На похоронах матери, где Майкл, неожиданно для самого себя, плакал над могилой, он заметил темноволосую красавицу, мать которой была одноклассницей миссис Сторз по Вассару. Майкл узнал, что девушку зовут Трейси Лоуренс, но познакомился с ней лишь через восемь лет, когда работал в нью-йоркской фирме «Корнуолл и Уоллес», консультировавшей различные предприятия по вопросам управления.
Глава 3
Прогуливаясь в антракте по фойе театра, он увидел ее тонкое бледное лицо, обрамленное густыми темными волосами. Она беседовала с пожилой женщиной и улыбалась своими живыми голубыми глазами. Коллега Майкла, которому он симпатизировал, пригласил его пообедать вместе, но Майклу не хотелось говорить о работе, и он отказался. Придя в фирму и начав восхождение по ступенькам служебной лестницы, Майкл охотно изучал тонкости своего дела и общался с сослуживцами, но теперь он усилием воли заставлял себя садиться за рабочий стол и погружаться в дела, которых с каждым днем сваливалось на него все больше и больше.
В этот день его звали на две вечеринки, но нью-йоркские развлечения начали утомлять его так же, как и работа в конторе. Его всегда приглашали в качестве свободного мужчины, этакого самого дорогого угощения, которым хозяйка потчевала гостей, но в конце концов он устал от собственной пустой болтовни, неотличимой от болтовни других, и наскучил себе самому. Бесчисленное множество раз он уходил после вечеринок с женщинами, которых с трудом узнавал через две недели.
В театральном фойе он вспомнил похороны, незнакомку в темно-синем пальто, ощущение вины, которое пронзило его, когда он, стоя у гроба матери и испытывая противоречивые чувства, вдруг понял, что его влечет к этой девушке.
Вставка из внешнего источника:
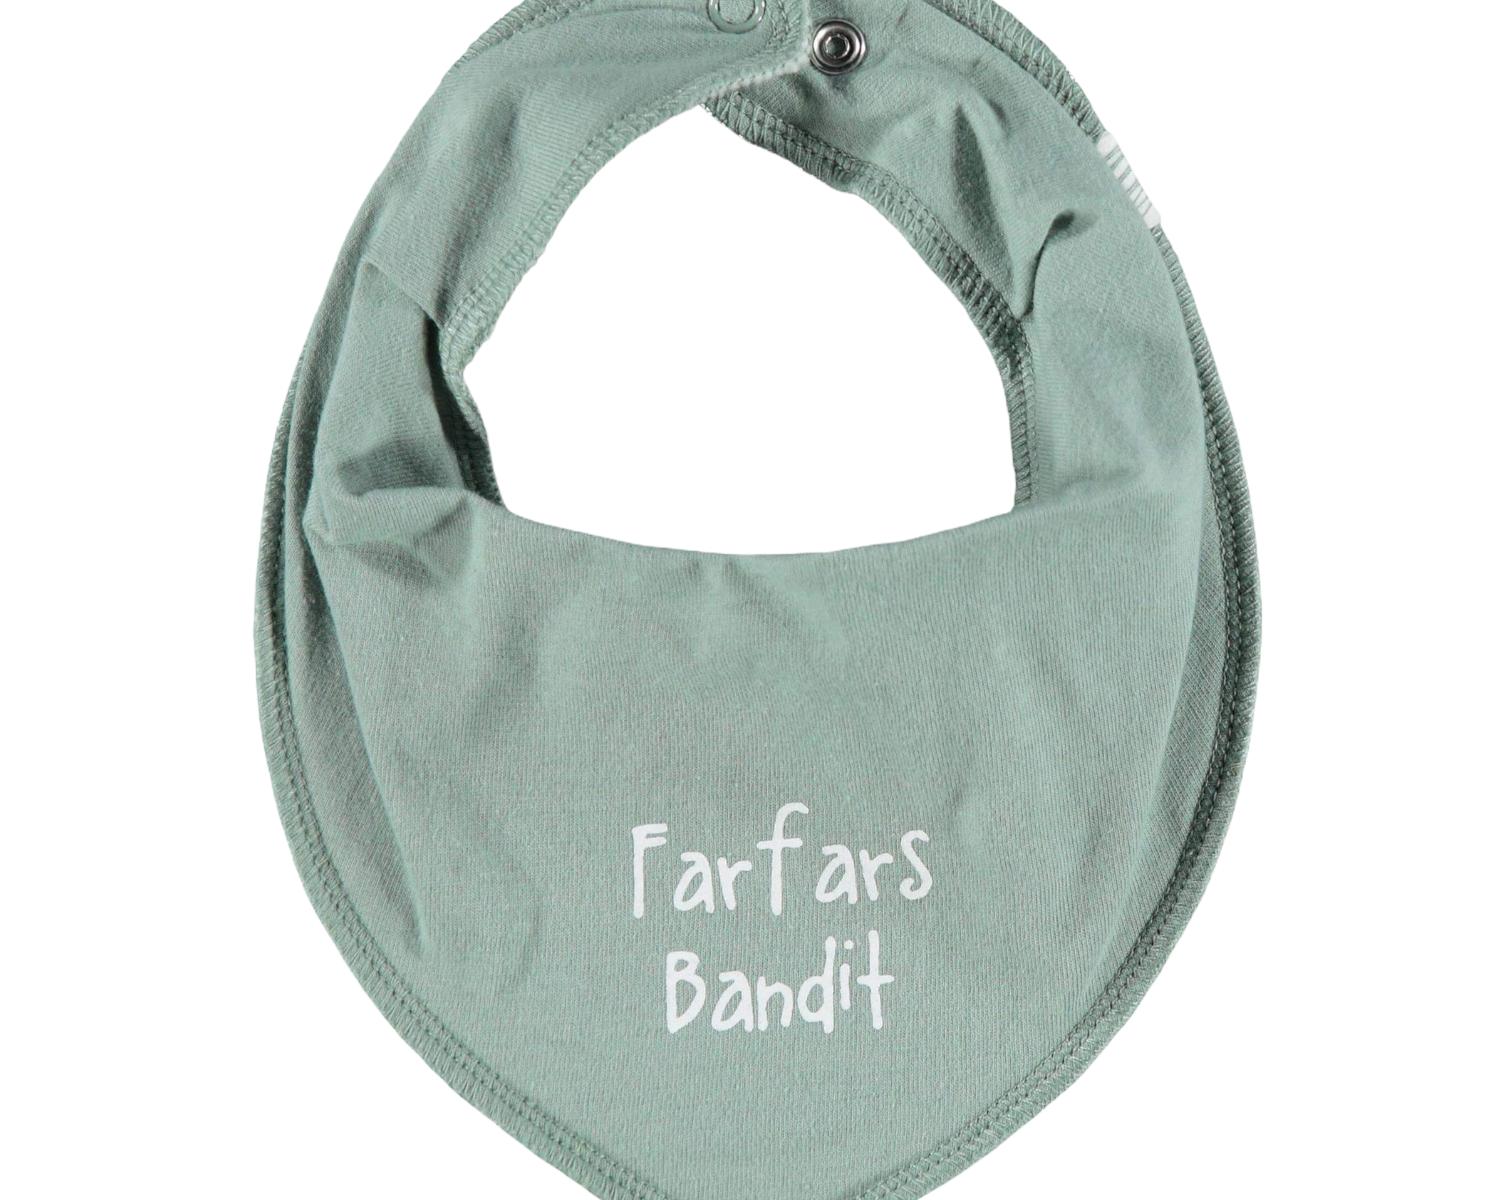 NAME IT FONNI SCARF FARFARS BANDIT 13197364
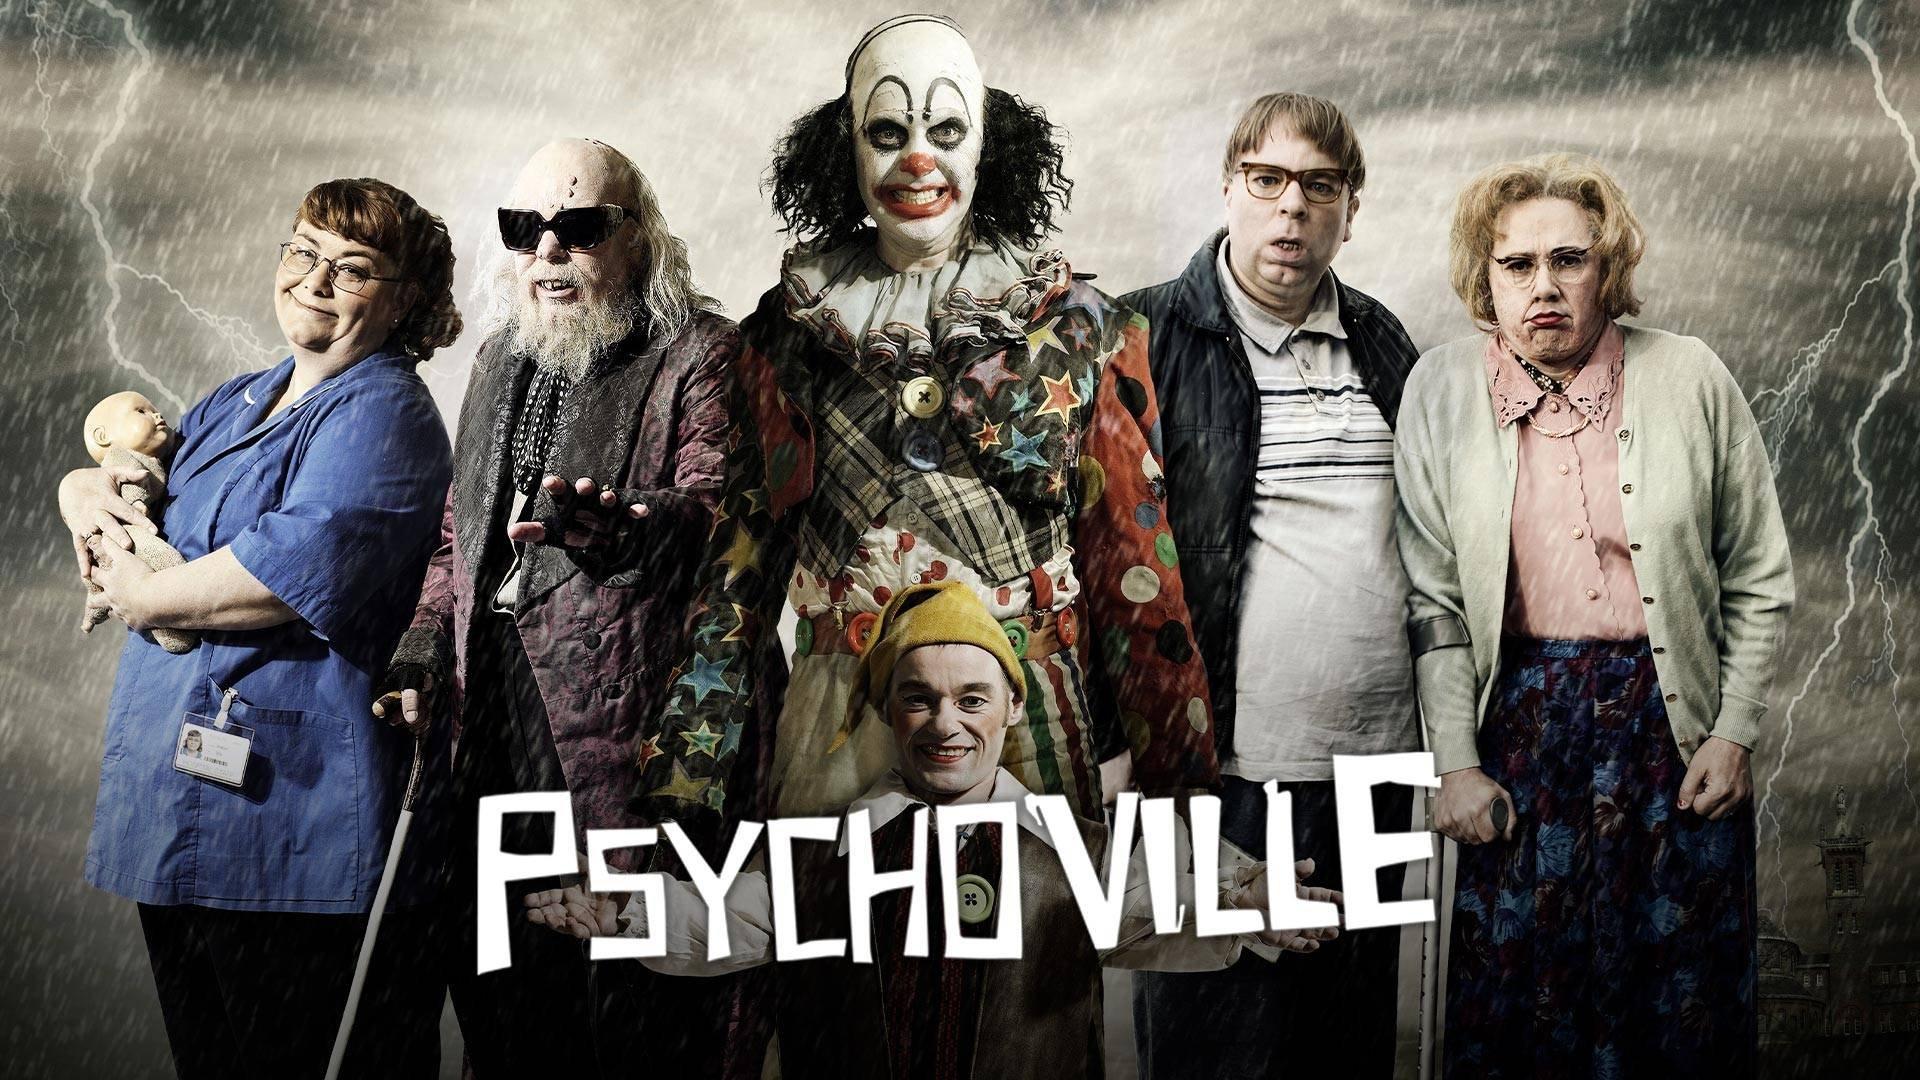 Psychoville on BritBox UK

Он помнил, что ее зовут Трейси Лоуренс. Она пристально посмотрела на Майкла и улыбнулась. Он подошел и сказал:
– Здравствуйте, мисс Лоуренс.
Он очень надеялся, что она не поправит его.
Трейси не поправила Майкла, и он подумал, что она, вероятно, по-прежнему не замужем.
– Нас не представили на похоронах, – сказала она. – Откуда вам известно мое имя?
– Узнал, – ответил Майкл и улыбнулся.
Смерть матери потеряла всякое значение, отошла в прошлое и обрела статус рядового события, такого, как чья-то свадьба, крестины или день рождения.
Майкл заметил, что девушка восприняла его слова как знак внимания.
– Моя тетя миссис Гренье, – сказала Трейси. – Мистер Сторз.